We need a different party to replace the one that seems to be ending needs to be ended. (here I don't mean a different political party, which we probably do, BTW, but a positive rewarding lifestyle with a different set of motivations - we need something new, constructive, and meaningful, because just taking away our current consumer lifestyle is not going to work).

My hope, and I cling to it, is that we'll be able to focus on the positive and focus on something else we're good at besides consuming. We'll be able to gain efficiencies through technology - like metropolitan broadband - that end up buying us some time to restructure our economy away from reliance on ever expanding consumerism, which has zero chances, I believe, in being sustainable.

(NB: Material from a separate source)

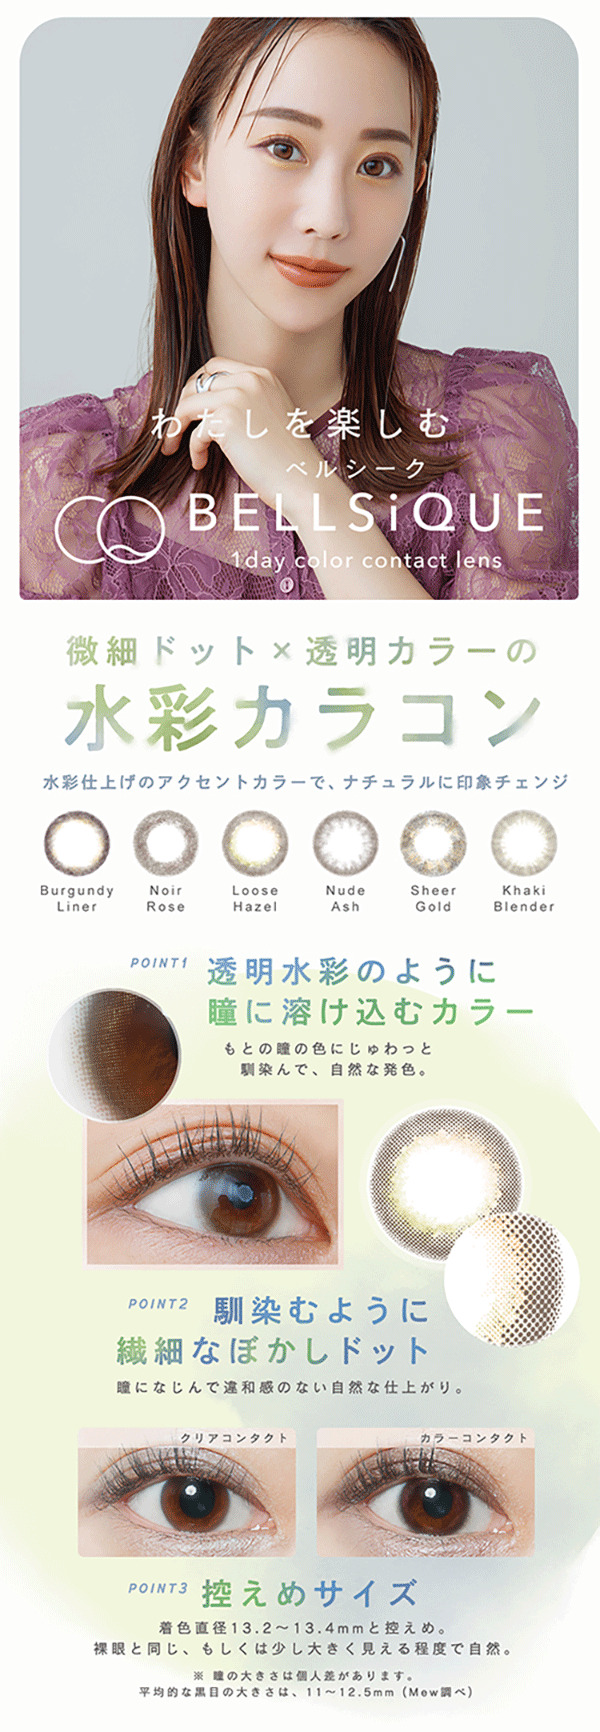 秋倉諒子さんがイメージモデルのカラコン、ベルシークのレンズのメインビジュアルとレンズの特徴を説明する画像

We're hitting real limits and the past seven years, no, make that the past 50 years, start to seem like the party that would never end. But after this party does end, and all parties must end at some point, so if even the Post WWII Economic Boom is in decline, we should imagine that one, folks - the hangover that follows is going to be a doozy for us all. We need something better and different to replace what we are losing.

And that, I'm afraid, is one helluva basket of lemons to be handed. Lemonade, anyone?

I'll take mine with a little Jack Daniels, thanks...let's start a new party to replace the old one. Let's reshuffle the deck.

UPDATE JAN 27.

The Story of Stuff is getting broader exposure, it seems. Daily Kos, a highly popular website for progressive politics, has just posted a discussion and came to many of the same conclusions I did. But they are more optimistic than I was in this original post. The comments at the end of the post are especially interesting (357 as of this update). Recommended reading.

With the help of producer Louis Fox and artist Ruben DeLuna at Free Range Studios, Annie turned her one hour talk into a twenty minute film. A film that's been watched by more than one million unique viewers. A film that's available on line and which you can watch by clicking the picture above. If you haven't seen the film go now. Seriously. Right now. You'll be glad you did. Because this short film is as direct, effective, and eye-opening on consumer society as An Inconvenient Truth is on climate change.

As we worry about the current economic downturn, even the way we attempt to measure our problems reflects this distorted shopaholic culture. Take a primal forest, kick out the people who have lived there for generations, cut down the trees, slice them into pieces, soak them in toxic chemicals, turn them into disposable products, and ship the discarded remains off to a landfill. On the business page of your local paper or the glitzy stock channel on your television, each of those steps has the same name: growth. What's a recession? Lack of growth. How do we end a recession? Stimulate spending on more disposable items, so we can buy more disposable goods, so we can cut down more forests, so we can have more... growth.

But if the first part of Annie's film is devoted to describing the problems of our current unsustainable culture of disposable goods, it's the final part that deserves special attention. Rather than stopping with the bad news, Annie shoots straight on into the good -- we can change. The most engaging part of her description of our society is that everyone can find their place in the flow, and the same dynamic means that everyone is positioned to help change how things work. Environmental issues, social justice, and economics all play into making the change toward a fair, sustainable society. There are as many ways to insert yourself into the process as there are products on the shelves of the local big box store.